Input records Block Start

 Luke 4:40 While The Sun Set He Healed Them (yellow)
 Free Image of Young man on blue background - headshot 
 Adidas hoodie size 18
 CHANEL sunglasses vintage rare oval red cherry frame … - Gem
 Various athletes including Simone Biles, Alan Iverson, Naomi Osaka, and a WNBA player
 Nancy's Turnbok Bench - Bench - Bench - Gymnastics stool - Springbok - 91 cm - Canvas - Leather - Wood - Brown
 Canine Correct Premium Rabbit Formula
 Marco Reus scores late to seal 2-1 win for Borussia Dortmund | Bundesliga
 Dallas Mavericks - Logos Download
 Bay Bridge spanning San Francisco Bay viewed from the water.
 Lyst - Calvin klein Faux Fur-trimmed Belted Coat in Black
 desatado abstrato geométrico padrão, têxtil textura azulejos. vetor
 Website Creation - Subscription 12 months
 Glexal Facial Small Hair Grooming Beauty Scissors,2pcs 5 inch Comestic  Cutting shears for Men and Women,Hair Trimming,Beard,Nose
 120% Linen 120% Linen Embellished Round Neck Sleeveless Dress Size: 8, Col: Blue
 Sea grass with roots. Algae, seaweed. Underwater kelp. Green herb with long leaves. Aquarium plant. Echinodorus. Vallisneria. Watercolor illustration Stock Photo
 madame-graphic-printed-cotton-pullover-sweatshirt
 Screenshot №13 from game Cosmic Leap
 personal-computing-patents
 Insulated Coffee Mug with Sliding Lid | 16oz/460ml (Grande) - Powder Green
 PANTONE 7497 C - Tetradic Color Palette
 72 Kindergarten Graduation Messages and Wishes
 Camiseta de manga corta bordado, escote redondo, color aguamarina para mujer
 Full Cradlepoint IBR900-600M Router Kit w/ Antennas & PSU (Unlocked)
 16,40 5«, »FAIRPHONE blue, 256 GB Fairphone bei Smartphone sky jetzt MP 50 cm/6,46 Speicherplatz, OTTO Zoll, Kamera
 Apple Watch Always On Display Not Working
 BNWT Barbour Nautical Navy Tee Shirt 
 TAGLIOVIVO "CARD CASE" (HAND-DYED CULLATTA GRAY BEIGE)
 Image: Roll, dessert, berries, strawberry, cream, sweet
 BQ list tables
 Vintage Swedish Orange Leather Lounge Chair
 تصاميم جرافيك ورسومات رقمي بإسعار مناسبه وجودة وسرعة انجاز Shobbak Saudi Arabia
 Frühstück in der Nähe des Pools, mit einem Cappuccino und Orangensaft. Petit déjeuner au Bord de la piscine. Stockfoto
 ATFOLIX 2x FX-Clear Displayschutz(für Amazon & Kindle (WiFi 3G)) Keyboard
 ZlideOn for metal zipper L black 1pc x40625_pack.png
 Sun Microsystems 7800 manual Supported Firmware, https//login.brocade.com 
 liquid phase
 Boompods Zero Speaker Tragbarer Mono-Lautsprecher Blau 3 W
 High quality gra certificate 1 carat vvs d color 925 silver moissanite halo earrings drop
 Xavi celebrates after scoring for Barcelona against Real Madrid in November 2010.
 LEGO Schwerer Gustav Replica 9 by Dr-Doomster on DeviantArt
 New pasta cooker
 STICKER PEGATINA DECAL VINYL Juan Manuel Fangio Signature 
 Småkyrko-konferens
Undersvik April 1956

Input records Block End

Starting at the line that contains "Camiseta de manga", copy each line through the last line of the listing, and copy nothing else.

▶ Response for this exercise:
 Camiseta de manga corta bordado, escote redondo, color aguamarina para mujer
 Full Cradlepoint IBR900-600M Router Kit w/ Antennas & PSU (Unlocked)
 16,40 5«, »FAIRPHONE blue, 256 GB Fairphone bei Smartphone sky jetzt MP 50 cm/6,46 Speicherplatz, OTTO Zoll, Kamera
 Apple Watch Always On Display Not Working
 BNWT Barbour Nautical Navy Tee Shirt 
 TAGLIOVIVO "CARD CASE" (HAND-DYED CULLATTA GRAY BEIGE)
 Image: Roll, dessert, berries, strawberry, cream, sweet
 BQ list tables
 Vintage Swedish Orange Leather Lounge Chair
 تصاميم جرافيك ورسومات رقمي بإسعار مناسبه وجودة وسرعة انجاز Shobbak Saudi Arabia
 Frühstück in der Nähe des Pools, mit einem Cappuccino und Orangensaft. Petit déjeuner au Bord de la piscine. Stockfoto
 ATFOLIX 2x FX-Clear Displayschutz(für Amazon & Kindle (WiFi 3G)) Keyboard
 ZlideOn for metal zipper L black 1pc x40625_pack.png
 Sun Microsystems 7800 manual Supported Firmware, https//login.brocade.com 
 liquid phase
 Boompods Zero Speaker Tragbarer Mono-Lautsprecher Blau 3 W
 High quality gra certificate 1 carat vvs d color 925 silver moissanite halo earrings drop
 Xavi celebrates after scoring for Barcelona against Real Madrid in November 2010.
 LEGO Schwerer Gustav Replica 9 by Dr-Doomster on DeviantArt
 New pasta cooker
 STICKER PEGATINA DECAL VINYL Juan Manuel Fangio Signature 
 Småkyrko-konferens
Undersvik April 1956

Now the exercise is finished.